Drohnenkräfte zerstörten nahe des Sejm eine seltene Ingenieurmaschine der RF.
Die Bediener des Drohnenbataillons "Raid" und des separaten Luftlande-Sturmregiments "Hummel" der Drohnenkräfte der Streitkräfte der Ukraine zerstörten am Fluss Sejm das russische neueste System für ferngesteuerte Minen "Landwirtschaft". Dies gaben die Drohnenkräfte in Telegram bekannt und veröffentlichten dazu ein entsprechendes Video.
"Die Bediener des 413. separaten Bataillons für unbemannte Systeme "Raid" der Drohnenkräfte arbeiteten in Zusammenarbeit mit der kombinierten Einheit für unbemannte Systeme des 78. Luftlande-Sturmregiments "Hummel" im Bereich der Pontonüberquerung des Feindes am Fluss Sejm die seltene neueste ferngesteuerte Minenlegemaschine "Landwirtschaft" zerstört", heißt es in der Mitteilung.
Die Bediener des 413. separaten Bataillons für unbemannte Systeme "Raid" der Drohnenkräfte arbeiteten in Zusammenarbeit mit der kombinierten Einheit für unbemannte Systeme des 78. Luftlande-Sturmregiments "Hummel" im Bereich der Pontonüberquerung des Feindes am Fluss Sejm die seltene neueste ferngesteuerte Minenlegemaschine "Landwirtschaft" zerstört pic.twitter.com/QLlOp1FQXt
— ГЛАВКОМ (@GLAVCOM_UA) 13. September 2024
Es sei darauf hingewiesen, dass in der Nähe von Mariupol ein Schlag gegen das Lager mit Luftabwehrraketen der Besatzer versetzt wurde. Möglicherweise auch die Niederlage der Luftverteidigungskräfte. Dies berichtet der Berater des Bürgermeisters von Mariupol, Petr Andryushenko. Derzeit erwägen die Eindringlinge die Evakuierung des Dorfes Portovskoye, das von Besatzern umzingelt ist, eine ähnliche Situation besteht auch in Mangushe.

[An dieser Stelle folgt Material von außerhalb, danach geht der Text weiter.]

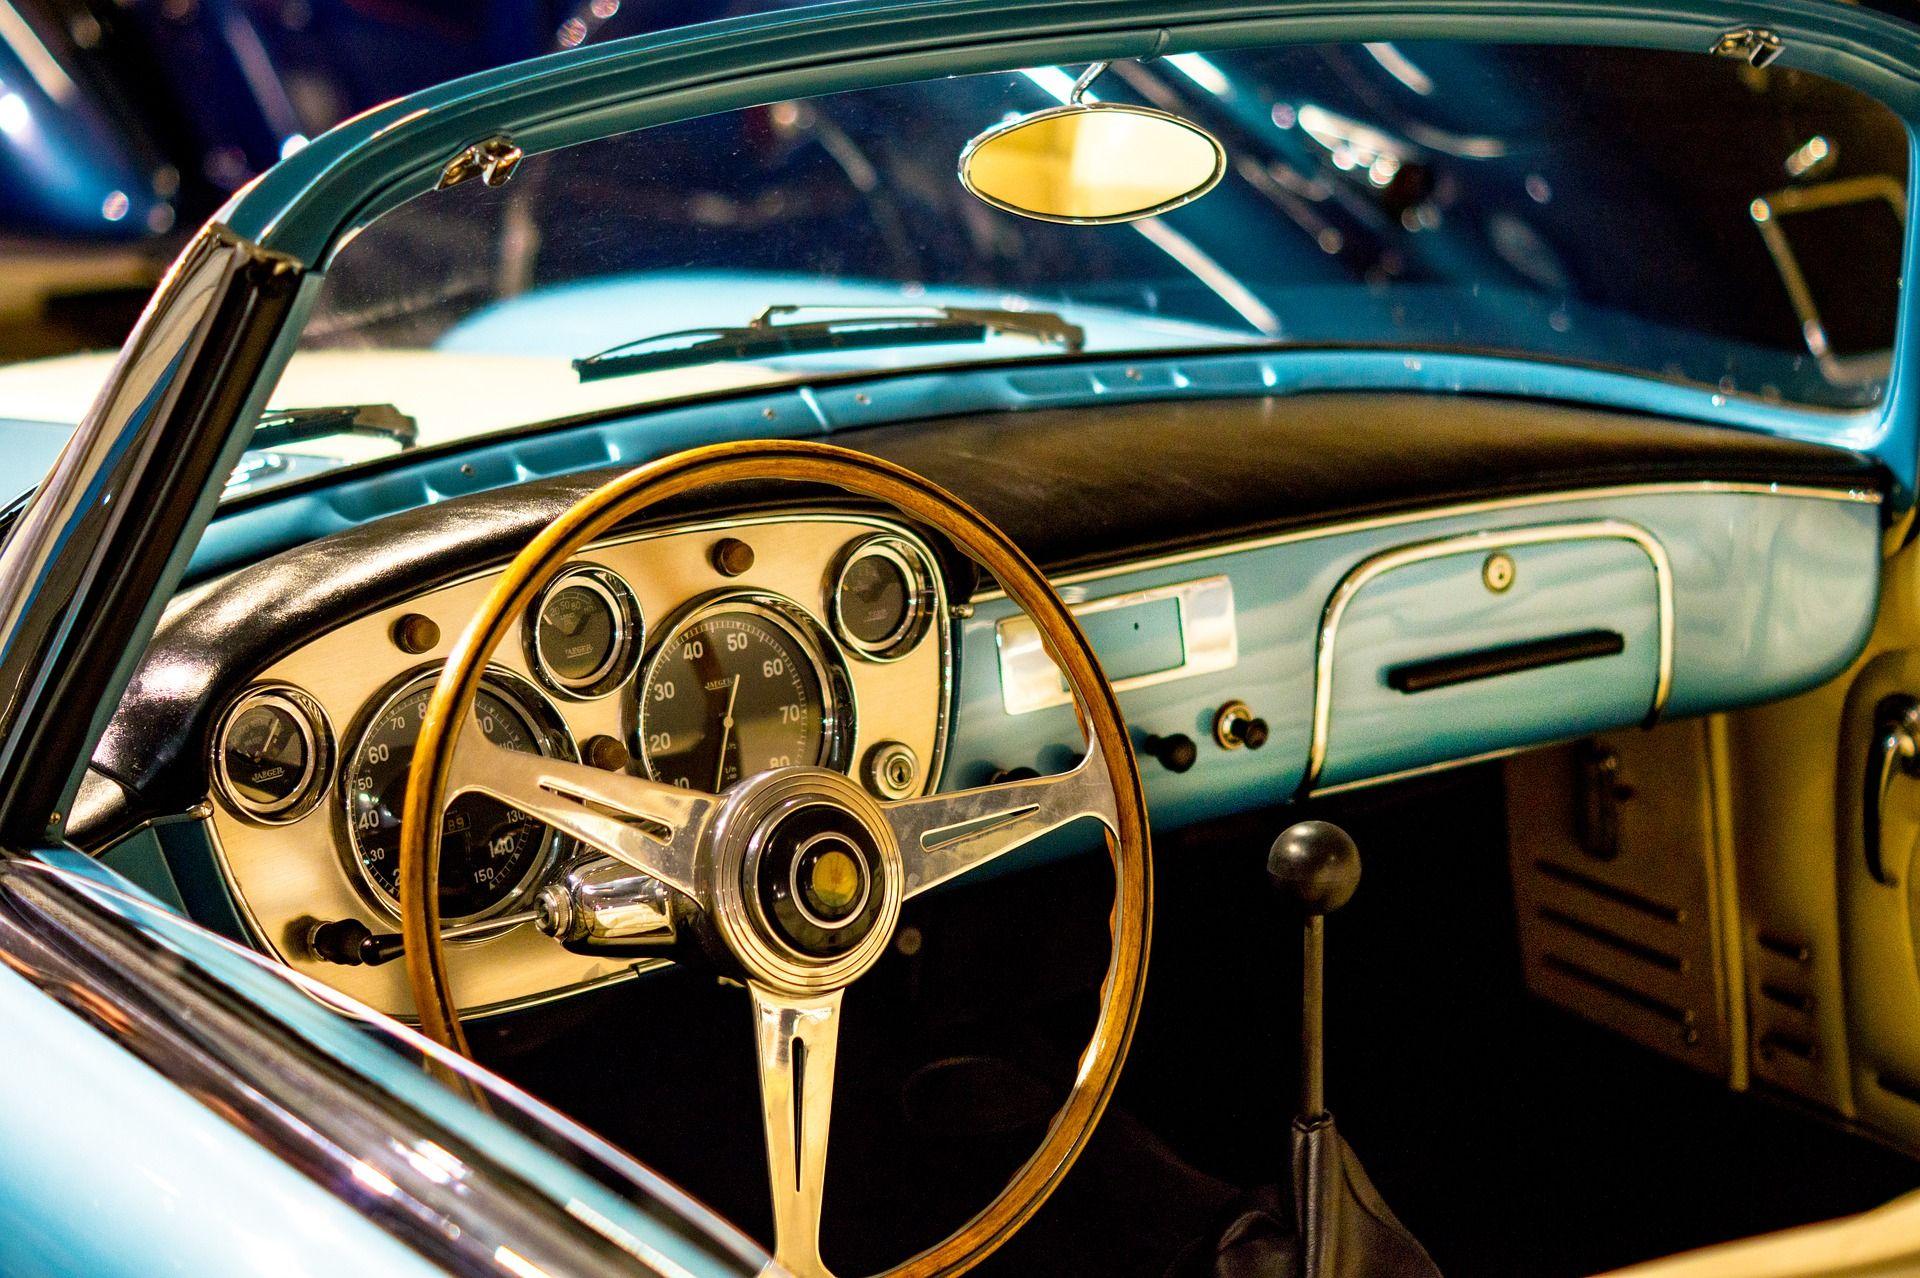 Old is gold. #cars #caraccessory #classiccars #vinatge #vintagecars ...
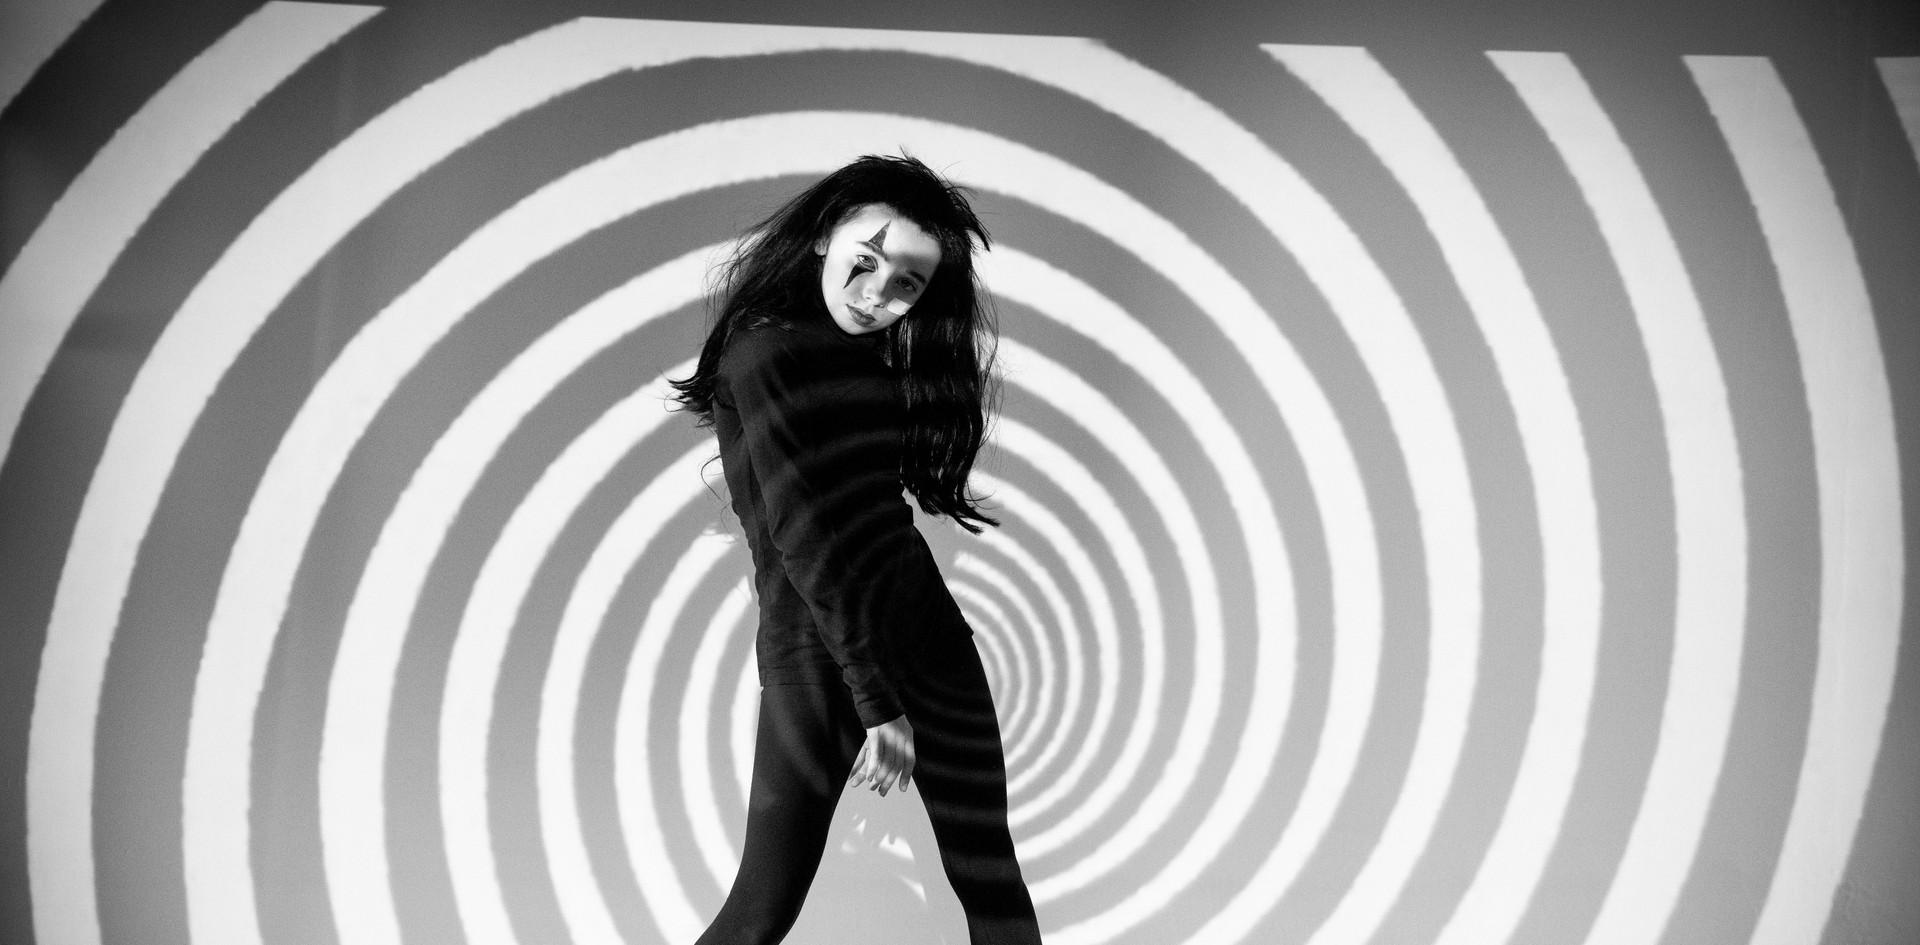 Lily Goehring Dancer Las Vegas Music

Zuvor wurde berichtet, dass Besatzer in der Region Donezk einen Angriff auf die Fahrzeuge der humanitären Mission des Internationalen Komitees vom Roten Kreuz verübt haben. Dies teilte der ukrainische Präsident Wolodymyr Selenskyj mit. Laut dem Präsidenten sind derzeit drei Todesfälle bekannt. Zwei Verletzten wird die erforderliche Hilfe geleistet.